On the other hand, harmless sulphite which becomes a part of the residue can be effectively removed by washing treatment with a solution such as water, and after washing, reusable metals and carbides remain, and harmful SOx gas is removed. Because it does not contain any components, it can be reused.

The removal processing of a gas other than SOx (eg, hydrogen chloride) is performed by generally known exhaust gas processing.

[0073]

As is evident from the results of the experiment, when treating wastes containing sulfides, desulfurization that effectively reacts with SOx gas in the generated decomposition gas to produce harmless sulfites By adding a chemical agent, harmful SOx gas can be separated from the cracked gas, SOx detoxification of the cracked gas can be realized, and by removing other harmful gas components, the exhaust gas can be used effectively as fuel etc. Become.

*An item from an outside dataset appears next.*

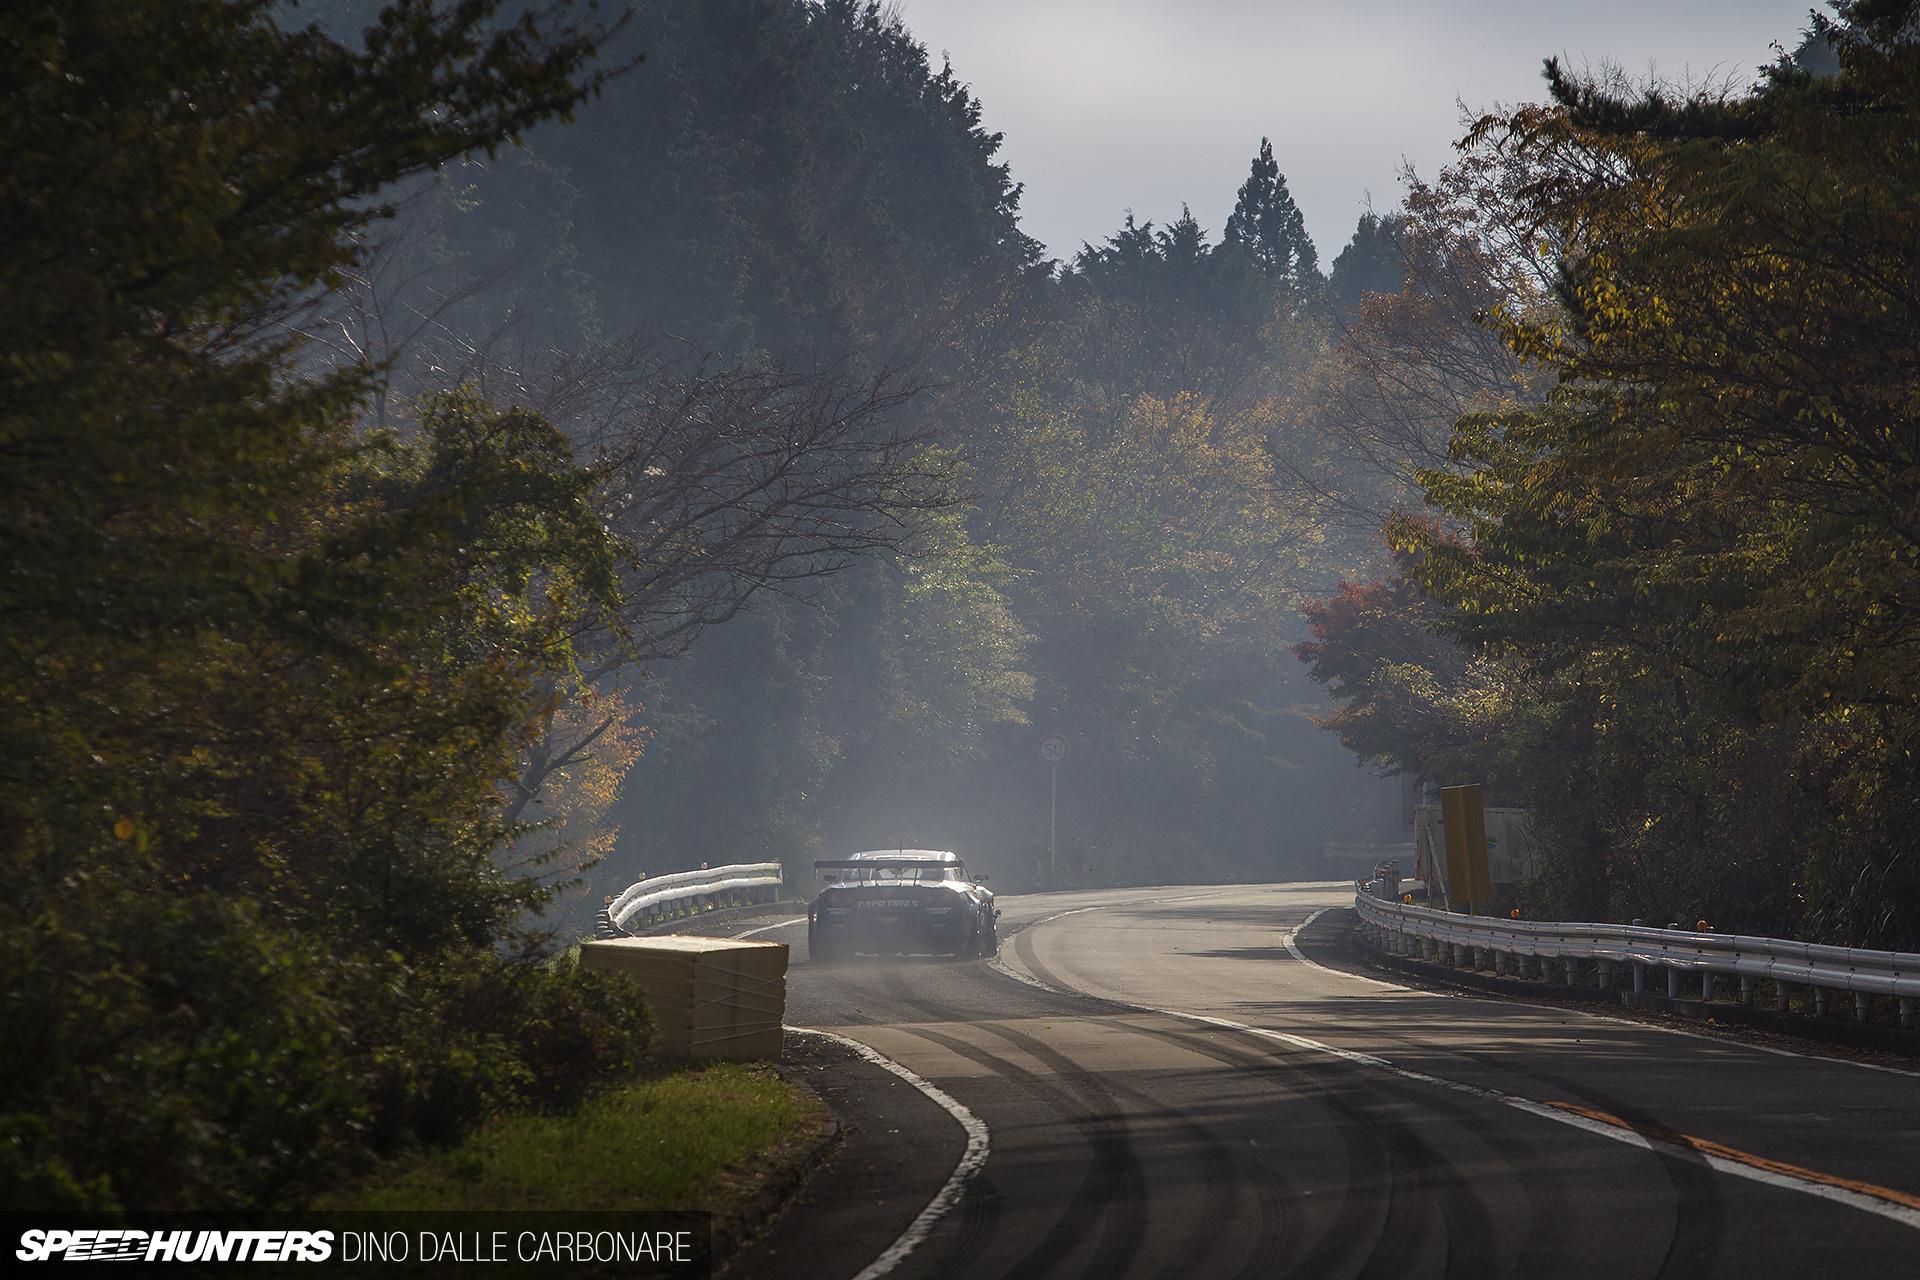 Hd Classic Muscle Car Wallpapers Climbing The Hakone Turnpike Speedhunters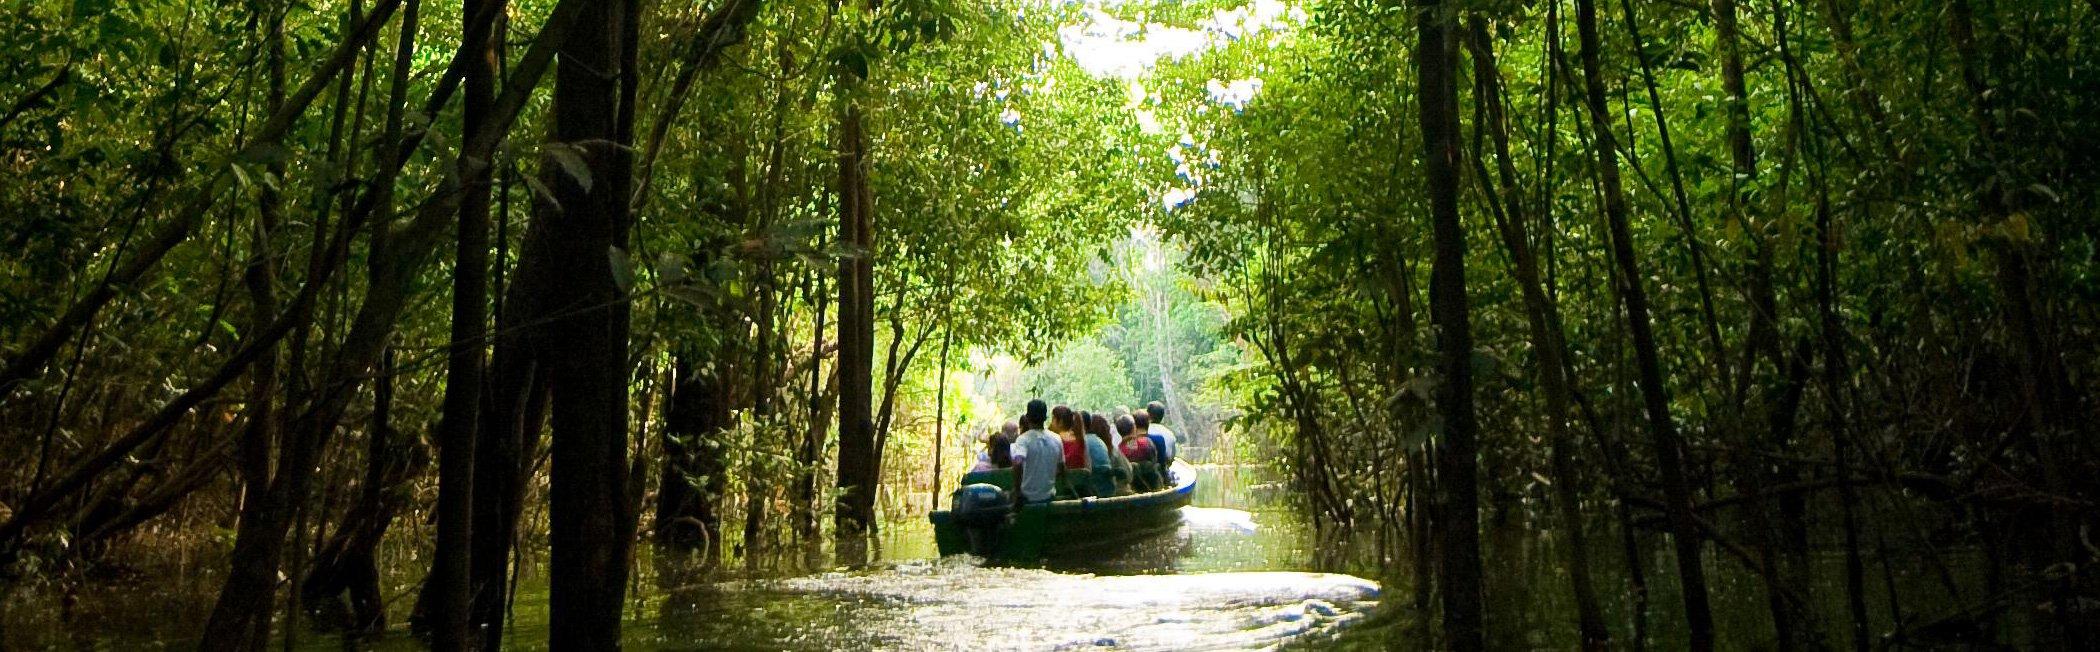 AMAZONIA-RIO-NEGRO

Further, the present invention exerts extremely excellent effects such as detoxification of the residue and effective reuse of the remaining metal and carbide.

[Brief description of the drawings]

FIG. 1 is an explanatory view of a desulfurization treatment using a desulfurizing agent of the present invention.

[Explanation of symbols]

 REFERENCE SIGNS LIST 1 mixing means 2 heat treatment furnace 3 heating coil 4 residue treatment means 5 exhaust gas treatment means 6 gas recovery means 7 secondary combustion means

Claims (9)

[Claims] 1. A desulfurizing agent that reacts with a harmful SOx gas decomposed and generated from an object to be treated in a heated atmosphere,
A desulfurizing agent composed of an alkali metal compound that reacts with harmful SOx gas to form harmless sulfite. 2. The desulfurizing agent according to claim 1, wherein the alkali metal compound is a hydroxide or a carbonate. 3. The hydroxide and carbonate are sodium-based,
The desulfurizing agent according to claim 2, wherein the desulfurizing agent is a potassium-based substance. 4. The desulfurizing agent includes sodium hydrogen carbonate, sodium carbonate, sodium sesquicarbonate, natural soda, potassium carbonate, potassium hydrogen carbonate, sodium potassium carbonate,
Simple substance selected from sodium hydroxide and potassium hydroxide,
The desulfurizing agent according to claim 1, wherein the desulfurizing agent is a mixture of a plurality of types. 5. The desulfurizing agent according to claim 1, wherein the heated atmosphere in which the desulfurizing agent and the SOx gas are contact-reacted is any one of a pyrolysis atmosphere, a dry distillation atmosphere, and a low oxygen atmosphere. 6. The desulfurizing agent according to claim 1, wherein the desulfurizing agent is mixed with an object to be treated, heat-treated and subjected to a contact reaction. 7. The desulfurizing agent according to claim 1, wherein the desulfurizing agent is brought into contact with an SOx gas in a decomposition gas generated from an object to be treated. 8. The desulfurizing agent according to claim 1, wherein the desulfurizing agent is in the form of a mass, a plate, a porous material, a powder, a solution, a suspension, or a combination thereof. The desulfurizing agent according to item. 9. The desulfurizing agent according to claim 1, wherein the heated atmosphere in which the desulfurizing agent reacts with the SOx gas is at 200 ° C. to 1000 ° C.